C’est dire si les subterfuges avancés par les députés pour s’allouer le sésame espéré ne tiennent pas la route. Mais pouvait-on s’attendre à mieux de la part d’une assemblée dont bon nombre des membres sont des mal élus, ayant profité de flots d’argent occulte pour corrompre les électeurs, de médias subornés et de journalistes de service pour faire leur éloge et ternir leurs adversaires, d’une ISIE dont l’indépendance est de plus en plus contestée, avec des soupçons de plus en plus lourds sur le rôle du ministère des Technologies de l’information et de l’économie numérique. Tant et si bien qu’on y trouve des députés qui ont rempilé malgré les affaires de corruption instruites contre eux par la justice dont les demandes de levée de l’immunité parlementaire sont restées lettre morte, des hommes d’affaires sur lesquels pèsent de lourdes charges de fraude fiscale, de blanchiment d’argent et de corruption, des gros bras des LPR, milices résiduelles du défunt RCD et des Trabelsi convertis en satellites des partis intégristes, un extrémiste disposant d’une radio qui diffuse ses prêches enflammés, et même un contrebandier récidiviste notoire.

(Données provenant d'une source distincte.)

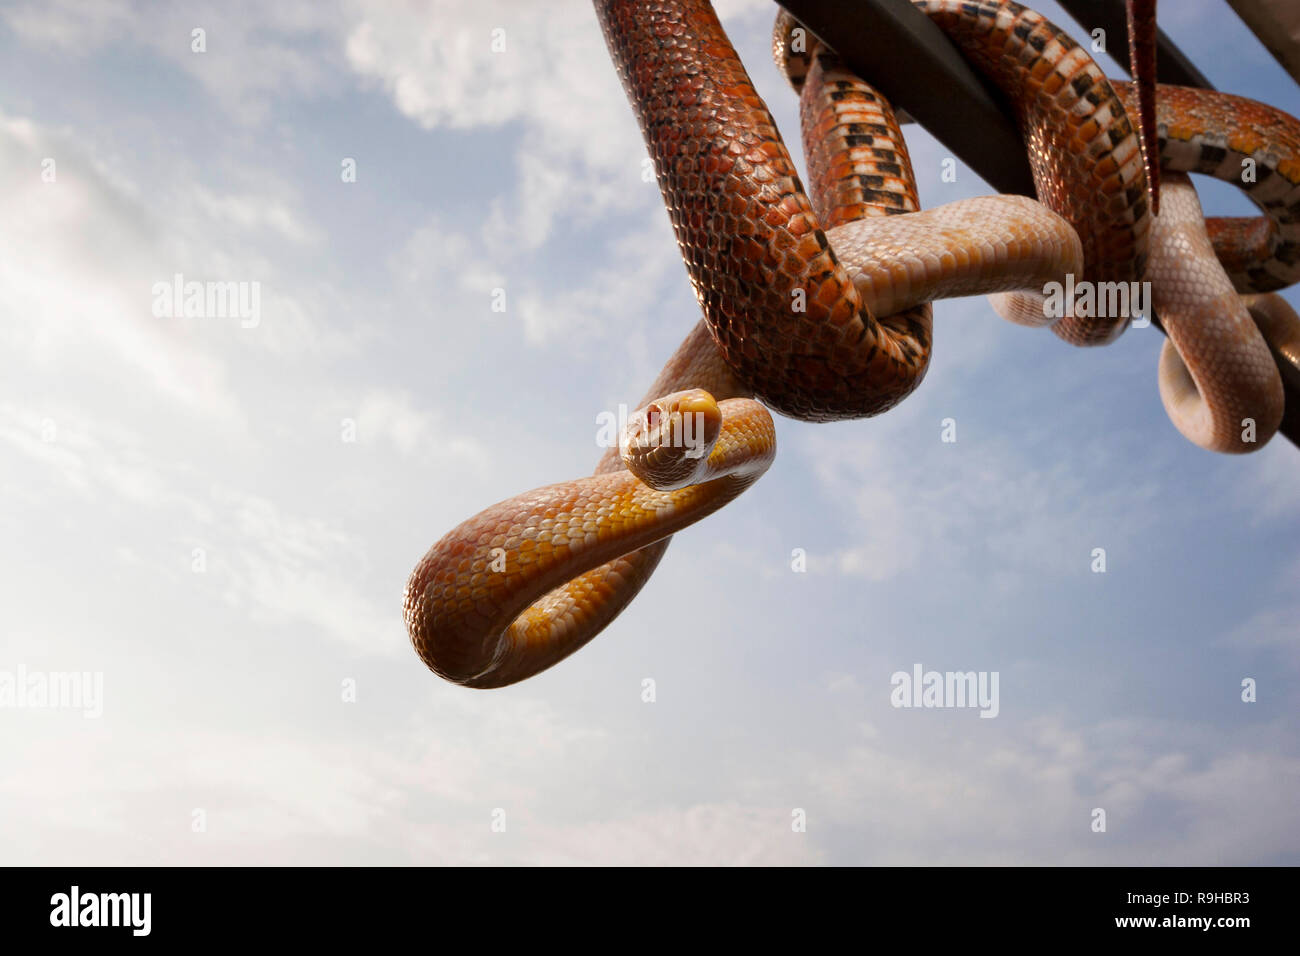 Corn snakes (Pantherophis guttatus) on a sky background Stock Photo

Comble de l’ironie, ce député fut convié le 6 décembre dernier, date anniversaire de la tunisification de la douane tunisienne, à la cérémonie organisée à cette occasion où il a procédé à la décoration des officiers et sous-officiers de la douane. En récompense, des « collègues » à ce contrebandier converti en député ont agressé une patrouille douanière et récupéré de force des marchandises saisies à leur encontre, au mépris du droit et en l’absence de toute réaction des autorités.

Malgré toutes les dérives qui ont entaché les élections législatives (et présidentielles), force est de constater que les instances compétentes en la matière, ISIE et tribunal administratif, ont entériné ses résultats. D’un point de vue purement formaliste, ce parlement est donc légal. Mais nous sommes en droit de nous demander si pour autant il est légitime. Car si en dictature, la légitimité est en raison inverse de la contrainte, en démocratie elle est en raison inverse de la tricherie, du contournement de la loi, sinon de la soustraction à la loi. Ainsi, compte tenu de tous les abus signalés, je pense que ce parlement est, au moins en partie, illégitime et que les députés dignes de cette haute fonction n’ont qu’à se désolidariser de ces parvenus qui considèrent le poste comme un investissement à fructifier, les dénoncer, voter contre cette loi scélérate et accélérer la procédure de levée de l’immunité gelée par leurs prédécesseurs. Autrement, ils sont à considérer comme des complices.

Abdelaziz GATRI. 

Expert-conseiller, opérations de commerce international, contentieux douanier.